Pretty much. No errors in PfSense VM console still shows LAN IP as 192.168.1.1 WAN shows no ip and pings from 192.168.1.5 to 192.168.1.1 come back as timed out or destination unreachable. When 5 minutes earlier WAN had IP pings to LAN int. came back <1ms. Nothing done in PfSense other then boot it up.
-
Does any one know what logs I can check and what I should be looking for? Is this problem I'm having not that common?
-
you can look in pfsense system log, clearly it would report loss of wan IP.. But seems more like problem with your esxi box if you can not ping the lan IP? Does esxi show the nics active.
-
I haven't checked PfSense logs yet b/c I now believe it to be a ESXi issue. Once all the connections dropped I checked the vSwitch and it shows the physical NICs as disconnected for LAN and WAN vSwitches. NIC lights still blinking and laptop still shows connected on ethernet.
Any idea what could be causing this?
-
This is suppose to be only have upgrade adding, etc.. but you could try this
http://kb.vmware.com/selfservice/microsites/search.do?language=en_US&cmd=displayKC&externalId=2019871
What specific build of esxi are you running. Current build is 2143827 and was just released the other day.
I would also check your logs, the logs are in /var/log – enable shell on your esxi host and check them out
http://kb.vmware.com/selfservice/microsites/search.do?language=en_US&cmd=displayKC&externalId=2032076
Location of ESXi 5.1 and 5.5 log files (2032076) -
This is suppose to be only have upgrade adding, etc.. but you could try this
http://kb.vmware.com/selfservice/microsites/search.do?language=en_US&cmd=displayKC&externalId=2019871
What specific build of esxi are you running.

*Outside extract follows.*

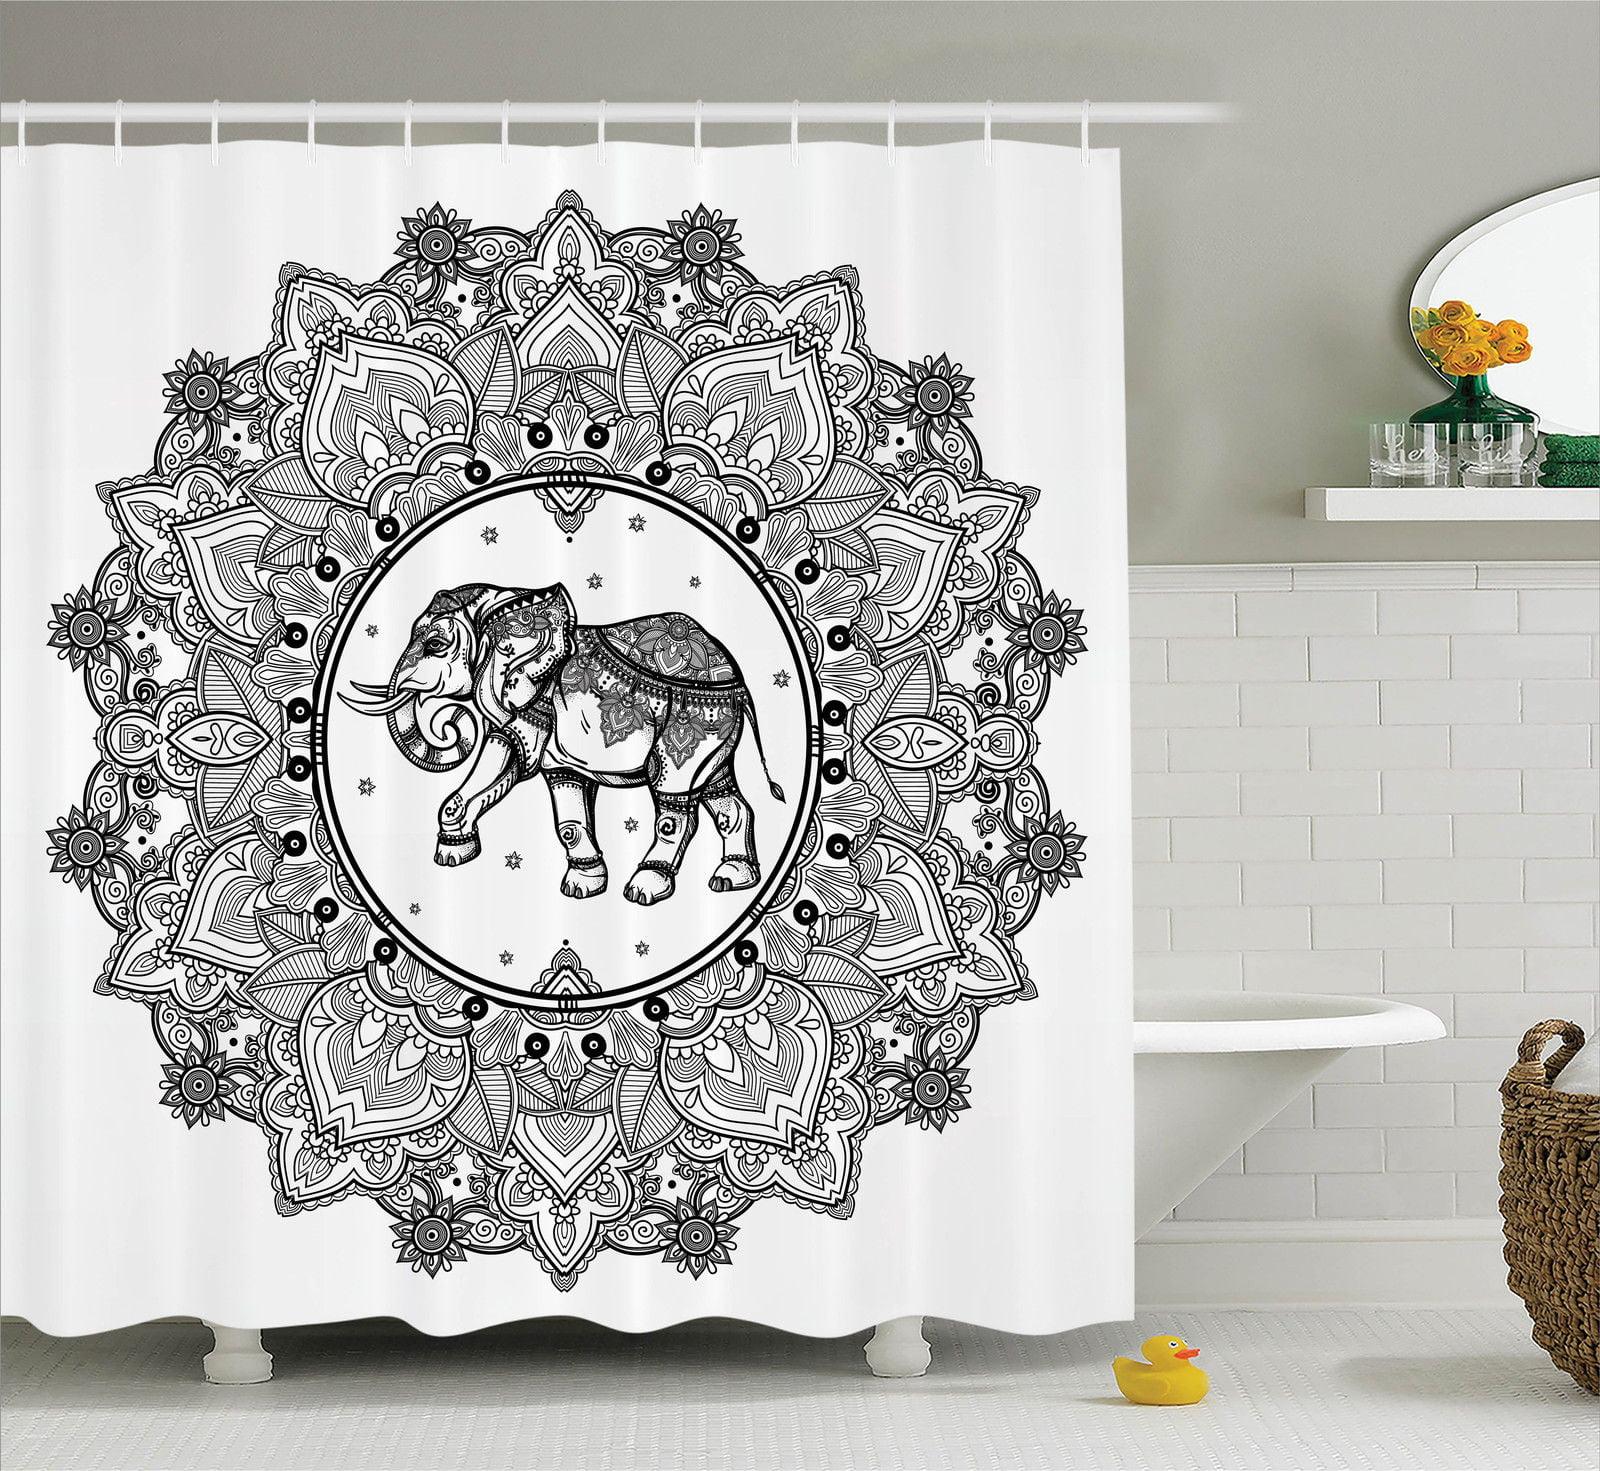 Mandala Decor  Digital Paisley Mandala Motif With Elephan...
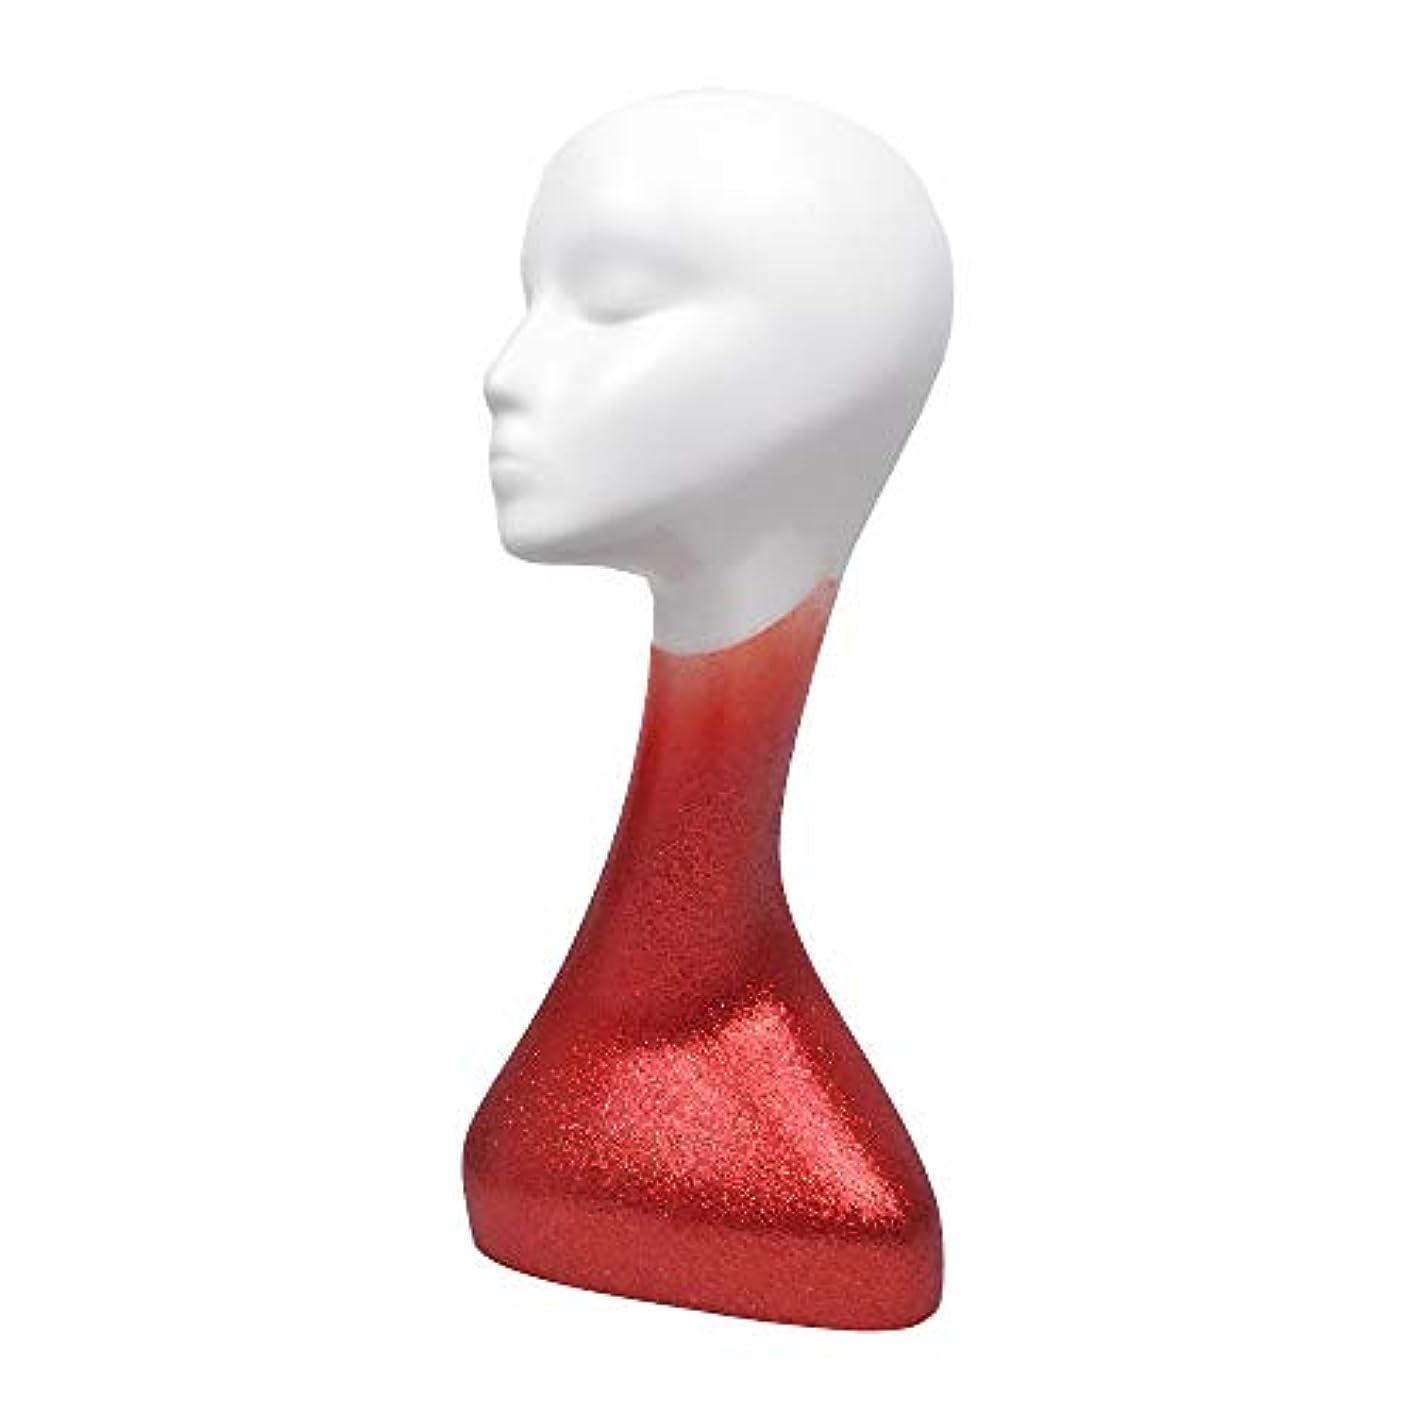 スカーフ欠員レンチメガネ帽子ウィッグスカーフ用プロフェッショナルアート女性マネキンヘッドABSスキンマネキンモデルプラスチック,Red

Current build is 2143827 and was just released the other day.
I would also check your logs, the logs are in /var/log – enable shell on your esxi host and check them out
http://kb.vmware.com/selfservice/microsites/search.do?language=en_US&cmd=displayKC&externalId=2032076
Location of ESXi 5.1 and 5.5 log files (2032076)Thx. I think I'm on build 16xxxxx. Will update to latest build tonight when I get home and try moving NIC to another PCI-E slot. Could this be a bad NIC ?
Worst case scenario can I use my unused onboard NIC port for WAN and just add use existing VM network for Pfsense LAN?
-
Build 1623387? That is Update 1, way back in March.. Yeah I would update lots of changes and fixes and drivers updated, etc.